Различия в представлениях о мире, доминирующих в разных культурах, сказывается и в том, как осмысляется в них время, и в том, как это осмысление откладывается в способах его измерения. Как отмечают историки культуры, линейное понимание времени в виде бесконечного и необратимого ряда событий – только одна из исторических форм представлений о нем, вытеснившая другие формы лишь в новоевропейской культуре (см.: Гуревич 1971: 164). Значительно более древней и распространенной была и отчасти остается другая форма представлений о времени как о постоянно воспроизводимом цикле. Это архаическое понимание времени связано с мироощущением человека, органично вписанного в ритмы природы, в которой каждый день Солнце снова встает над горизонтом, каждый месяц Луна заново начинает смену своих фаз, каждый год зима и лето сменяют друг друга. Мирча Элиаде пишет, что такое время не «течет» и не изменяется, а «парадоксальным образом предстает как круговое, обратимое и восстанавливаемое Время, некое мифическое вечное настоящее, которое периодически восстанавливается посредством обрядов» (Элиаде 1994: 49).

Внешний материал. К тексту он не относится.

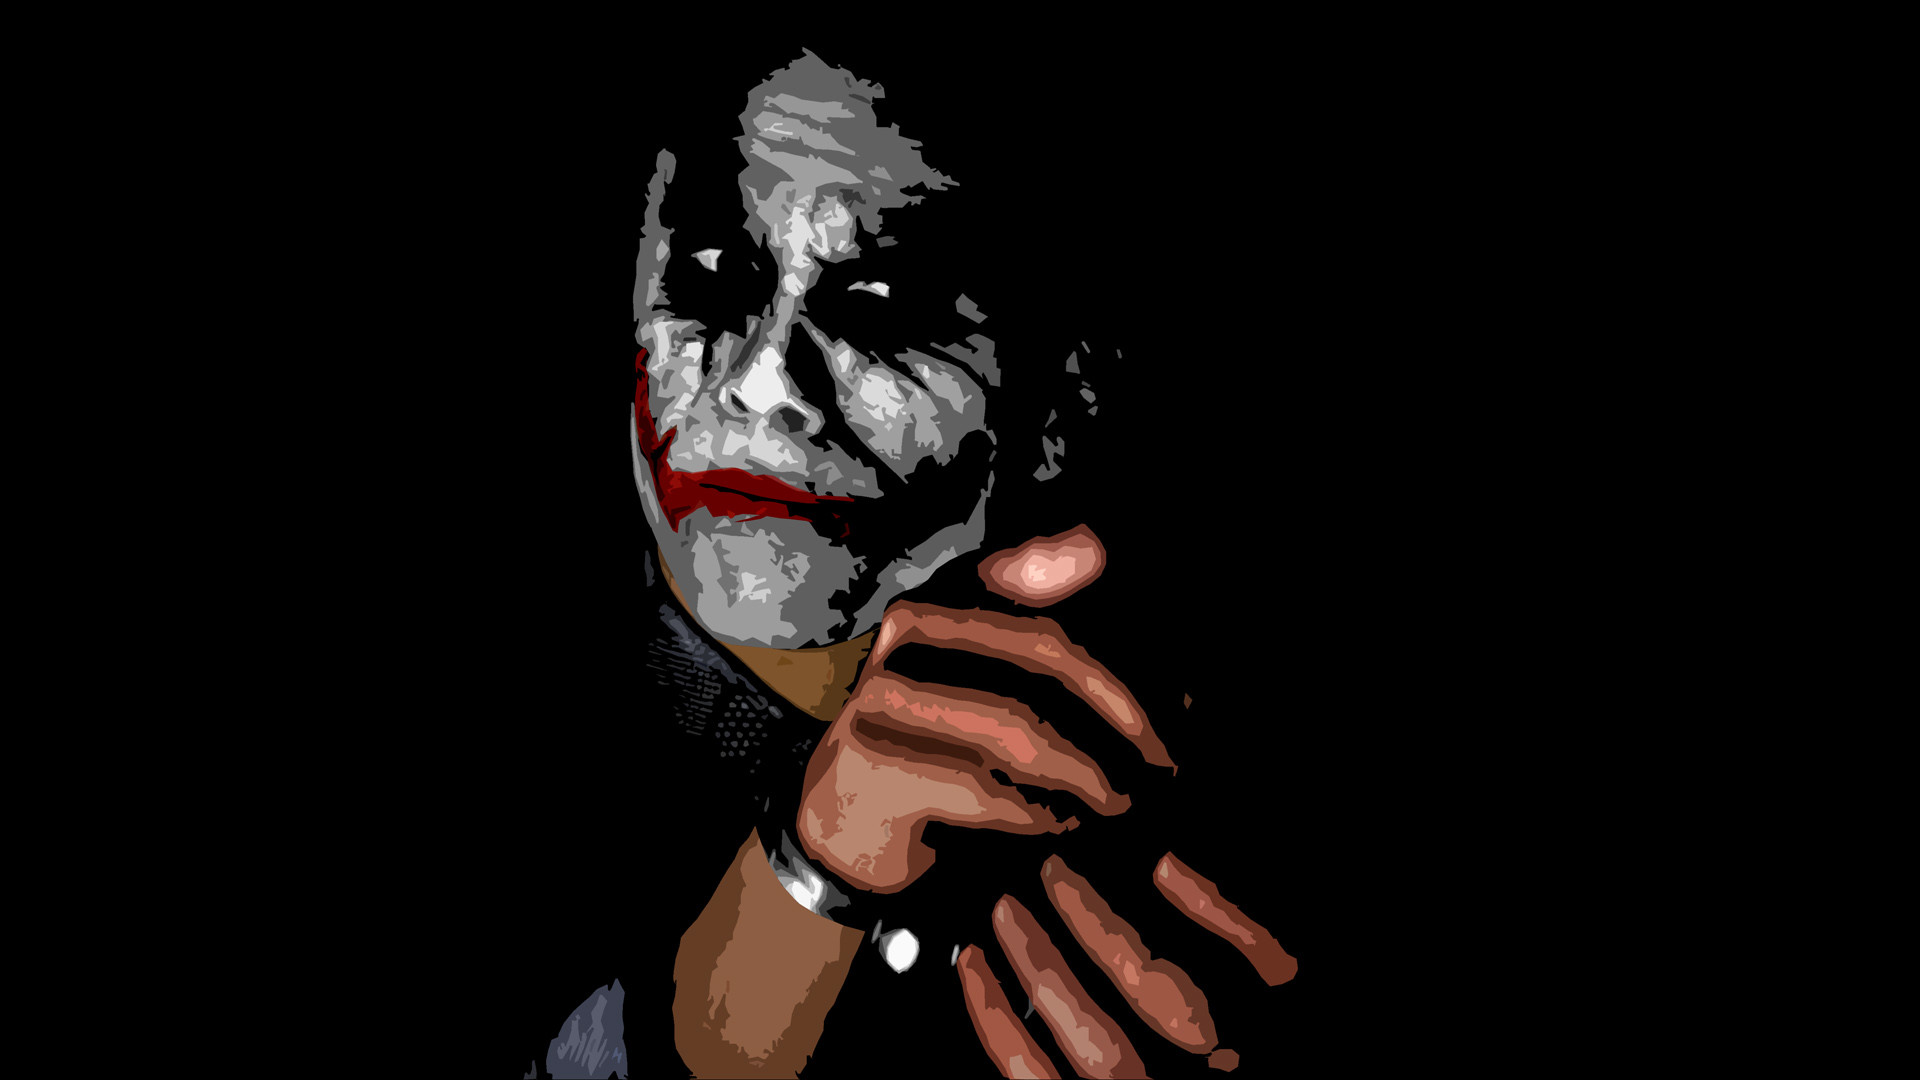 1920x1080 Heath Ledger Joker Wallpaper HD - WallpaperSafari | #ICU | Pinterest | Heath  ledger joker wallpaper, Heath ledger joker and Heath ledger

Мифологически осмысляя циклы природных явлений и ритуально отмечая их, человек вписывается в космические ритмы уже не только как биологическое, но и как культурное существо. Регулярно фиксируя движения Луны и Солнца с помощью пространственных средств, он переводит их ритмы в строй пространственных сооружений, таких, например, как знаменитое кольцо Стоунхенджа и ряд аналогичных построек (см.: Хокинс, Уайт 1984). Не удивительно, что структуры времени в таких древнейших его моделях откладываются в форме круга, этого естественного символа циклического повтора (см.: Гуревич 1971: 162, 164).

IV

Так же, как годовой цикл Солнца запечатлевается в пространственной форме круглых календарей, так и суточное его вращение фиксируется с помощью дугообразных шкал солнечных часов. Древнейшие из них были известны в Египте, по некоторым данным, еще в V тысячелетии до н. э. (см.: Rieder, Kirchner 1984: 67). Их осмысление было органичной частью мифологических представлений о солнечном боге и его движении по небу. Требуемая самим их устройством вертикаль гномона, отбрасывающего на землю тень от Солнца, служила таким же посредником между земным и небесным мирами, как и «мировое дерево» или «священный холм», с которыми мифологическое мышление не только древних египтян, но и многих других народов, связывает роль вертикальной оси мира. Вполне естественно поэтому, что великая пирамида Хеопса совмещала в себе и функцию первобытного холма и функцию гномона, по тени от которого измерялось время (см.: Франкфорт и др. 1984: 40; Fleet 1975: 8–13). Подобную же роль играли и строившиеся при храмах обелиски с шаром на вершине, служившим символом Солнца. По одной из реконструкций храма Ра в Абусире такой обелиск был предметом культового поклонения еще в III тысячелетии до н. э. (см.: ИИЗС 1962: 28).

V

Помимо регулярного вращения небесных светил, с древнейших времен для измерения времени использовались движения и таких стихий, как вода и огонь. Как и в случае солнечных часов, технические идеи их применения не были оторваны от целостной системы мировоззрения, а наоборот, органично входили в комплекс магических, религиозных, а позже – философских и научных представлений.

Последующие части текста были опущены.